O4 apc vio770

Generation of single-cell suspension was performed as described in Llorens-Bobadilla et al.⁶ (link) Cells were stained with the following antibodies: O4-allophycocyanin (APC) and O4-APC-Vio770 (Miltenyi; diluted 1:50), Ter119-APC-Cy7 (BioLegend; 1:100), CD45-APC-Cy7 (Becton Dickinson [BD]; 1:200), GLAST (ACSA-1)-phycoerythrin (PE; Miltenyi: 1:20), CD9-eFluor450 (eBioscience; 1:300), Alexa647::EGF (Life Technologies; 1:100), polysialylated neuronal cell adhesion molecule (PSA-NCAM)-PE-Vio770 (Miltenyi; 1:75), Prominin1- peridinin-chlorophyll-protein PerCP-eFluor 710 (eBioscience; 1:75), CD24-PE-Cy7 (eBioscience; 1:75), and Sytox Blue (Life Technologies; 1:1,000). For RNA-seq, cells were directly sorted into 100 μL of the PicoPure RNA Isolation Kit (Thermo Fisher Scientific) extraction buffer. For ex vivo transduction, NSCs were sorted into growth factor-free Neurobasal medium (NBM).
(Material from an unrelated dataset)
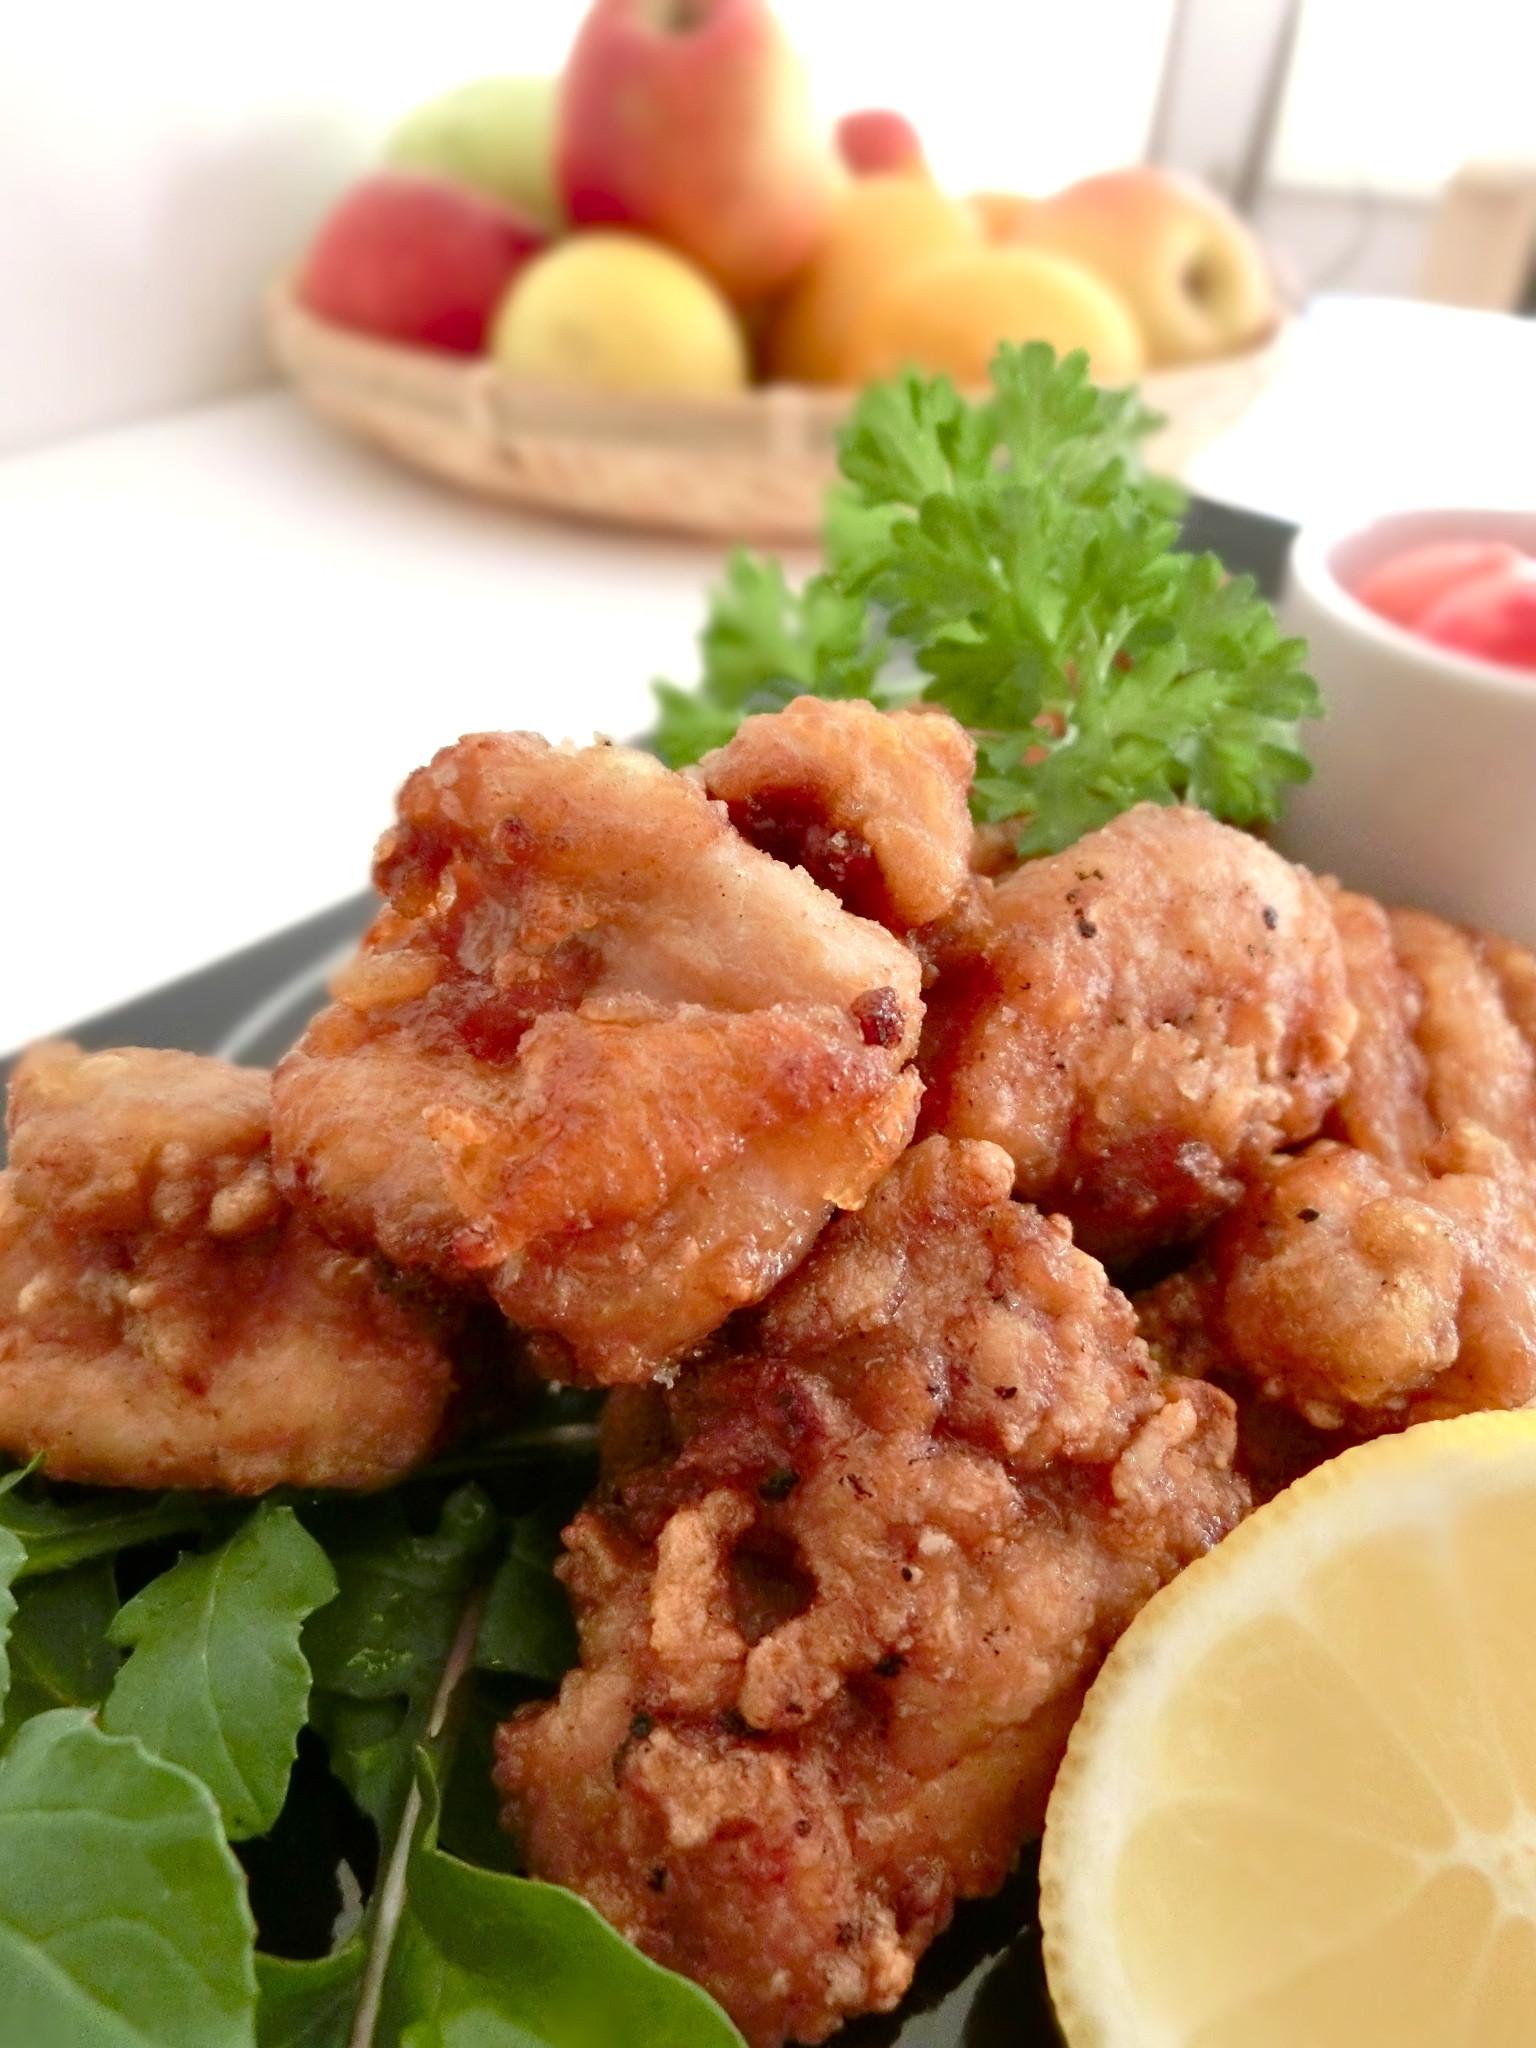 Fried Chicken Marinade  Japanese Crispy Fried Chicken – Marinated in Shio Koji

FACS analysis for testing the transduction efficiency of the candidate viruses was performed by two methods. The first method consisted of injecting 5-month-old TiCY mice with the AAV1_P5_Cre virus, and after 8 days, SVZ and OB cells were FACS analyzed (Figures 4G and 4H). In the second method, we injected 2-month-old C57BL/6N mice with AAV1_P5_YFP and AAV9_A2_YFP viruses and analyzed them after 6 days (Figures S3C and S3D).
For FACS quantification of AAV-injected NSC/progeny, cells were sorted with the following antibodies: O4-APC-Vio770 (Miltenyi; diluted 1:100), CD45-APC-Cy7 (BD; 1:200), Ter119-APC-Cy7 (BioLegend; 1:100), GLAST (ACSA-1)-PE (Miltenyi; 1:50), Prominin1-APC (eBioscience; 1:75), PSA-NCAM-PE-Vio770 (Miltenyi; 1:50), Texas-Red::EGF (Life Technologies; 1:75).